Es wartet immer Überraschendes...in meiner Blog-Suchwortstatistik. Erstaunlich, was man aus meinen unschuldigen Texten so alles für Schweinkram zusammenpuzzeln kann. Neben den mittlerweile obligatorischen Suchanfragen nach "befeuchteten Denimbeinkleidern", "einblickgewährender Leibwäsche", "Temperaturmesserenthusiasmus" (ich muss es jetzt umschreiben, sonst lande ich in den Suchergebnissen noch weiter oben), finden sich immer wieder neue Perlen.

Meine derzeitige persönliche Hitliste:

Platz 5:
nebenan.dot.com
(..."dot" ausgeschrieben und zwei Punkte - da geht jemand auf Nummer sicher.)

Platz 4:
röchelhotline
(Vermute, die Suche im Branchenbuch unter diesem Begriff ist fehlgeschlagen.)

Platz 3:
strohblonder kinder toupets
(Ein bisschen gruselig. Sucht da jemand Perücken für oder von strohblonden Kindern?)

Platz 2:
frohe ostern an meine frau karten
(...über die sie sich zwei Tage nach Ostern - Datum der Suchanfrage - sicher besonders freut.)

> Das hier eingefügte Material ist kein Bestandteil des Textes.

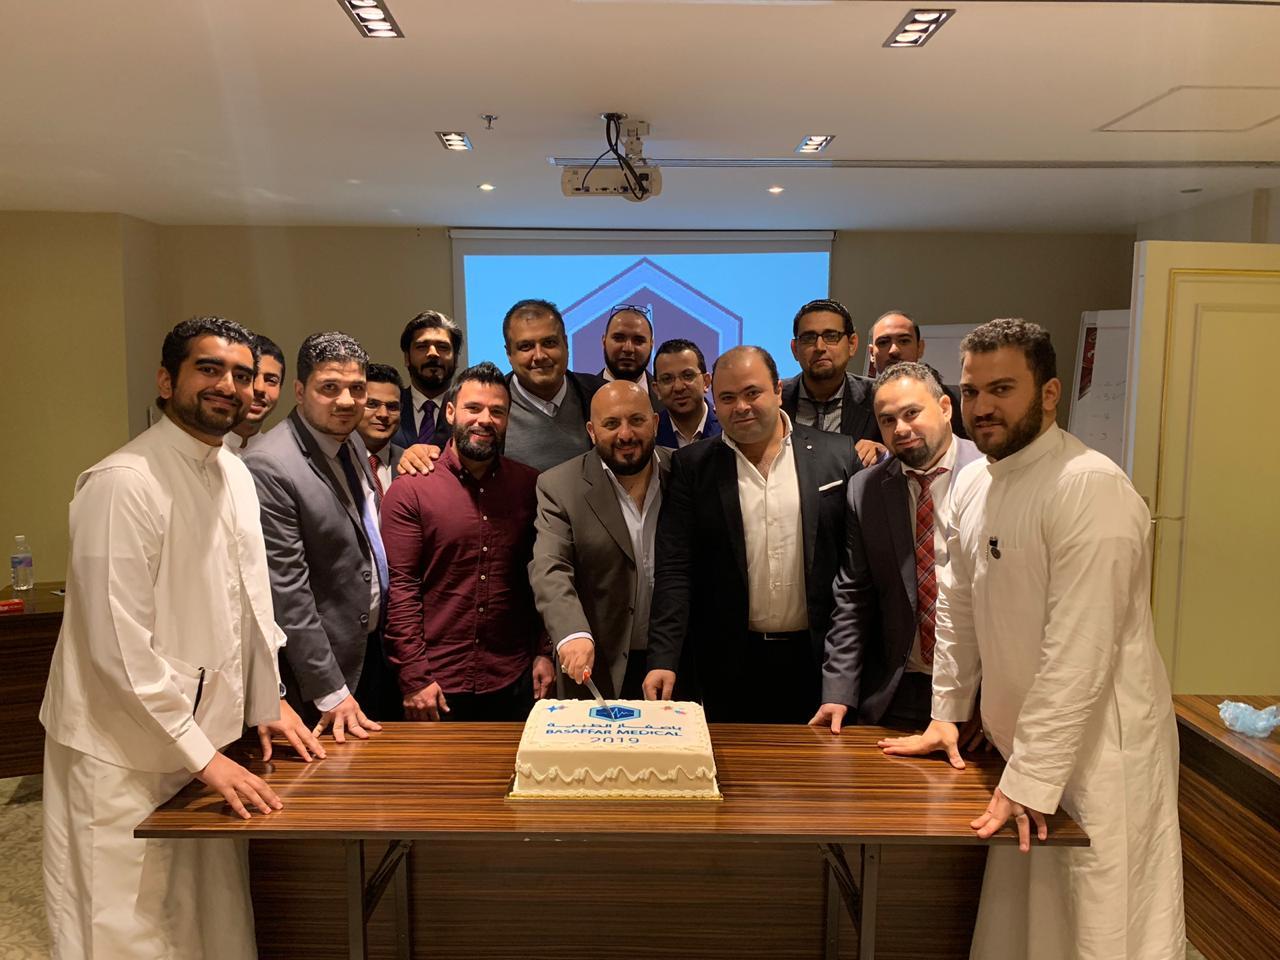 BME 2019 kick-start meeting
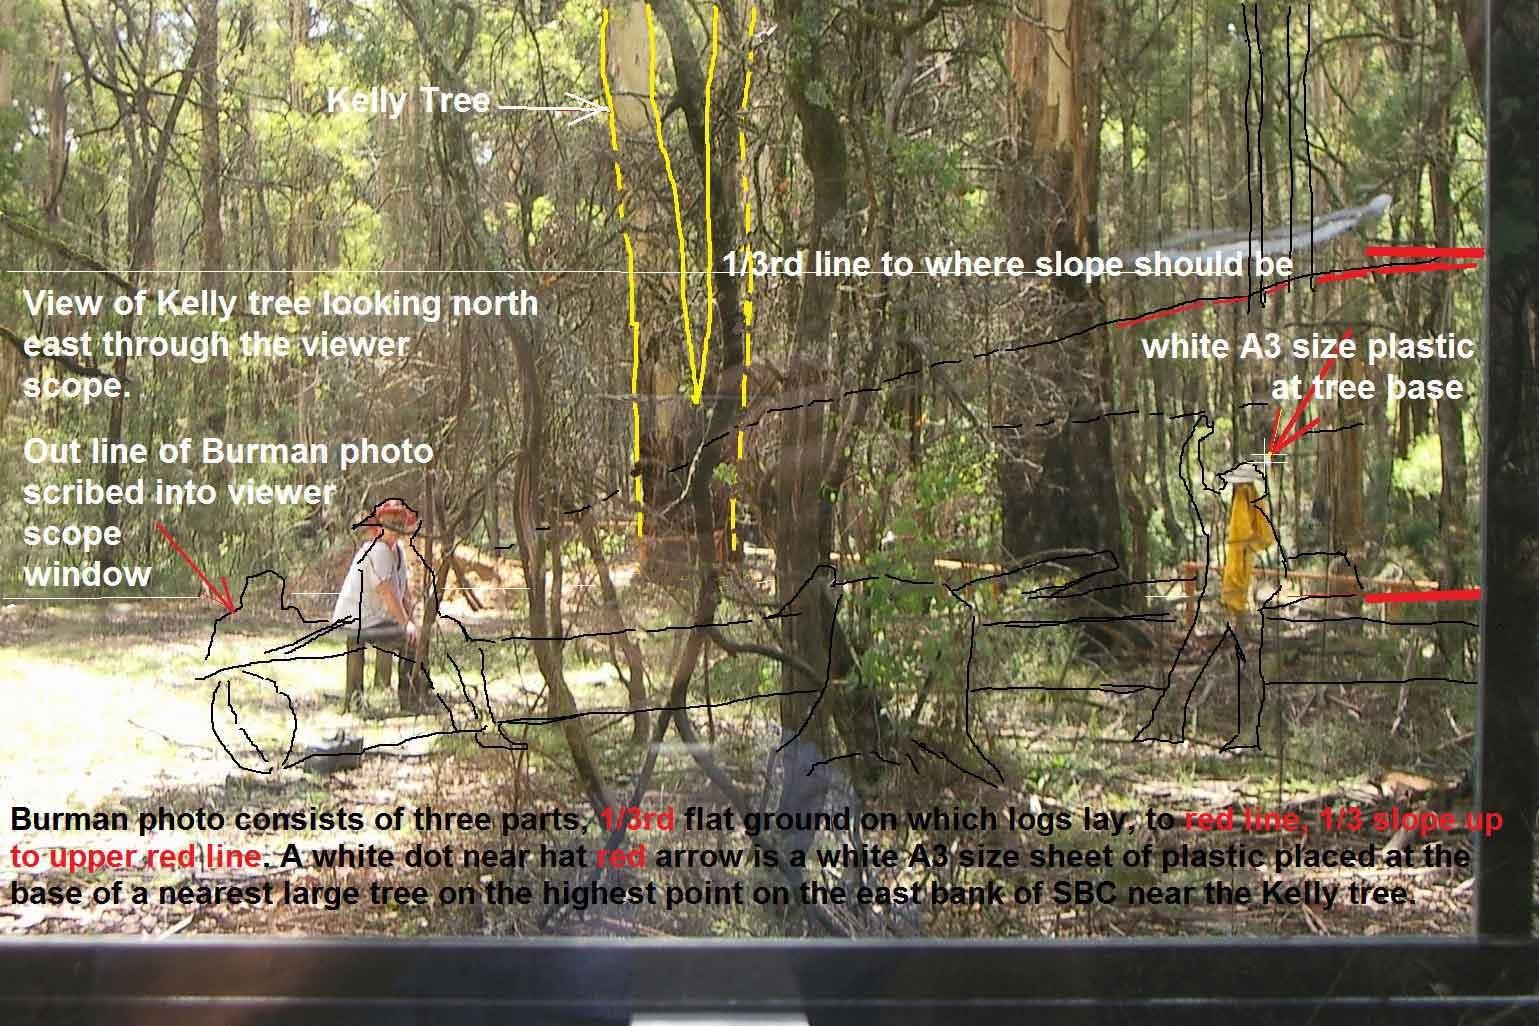 orientation of burman photos at sbc - Page 4 Viewerscopekellytree7953

Platz 1, meine absolute Lieblingssuchanfrage:
kassiererin an der supermarktkasse, seit ende januar keine stimme mehr, längere heiserkeit, was kann das sein
(Ja was? Der erste Fall von Schweinegrippe in Bottrop Harsewinkel? In jedem Fall ausführlich.)


Gibt es schon Bücher über skurrile Suchanfragen? Und was fehlt der heiseren Dame an der Supermarktkasse? Wieso strohblonde und nicht flachs- oder champagnerblonde Haarteile? Sachdienliche Hinweise können wie immer sehr, sehr gerne in den Kommentaren hinterlassen werden.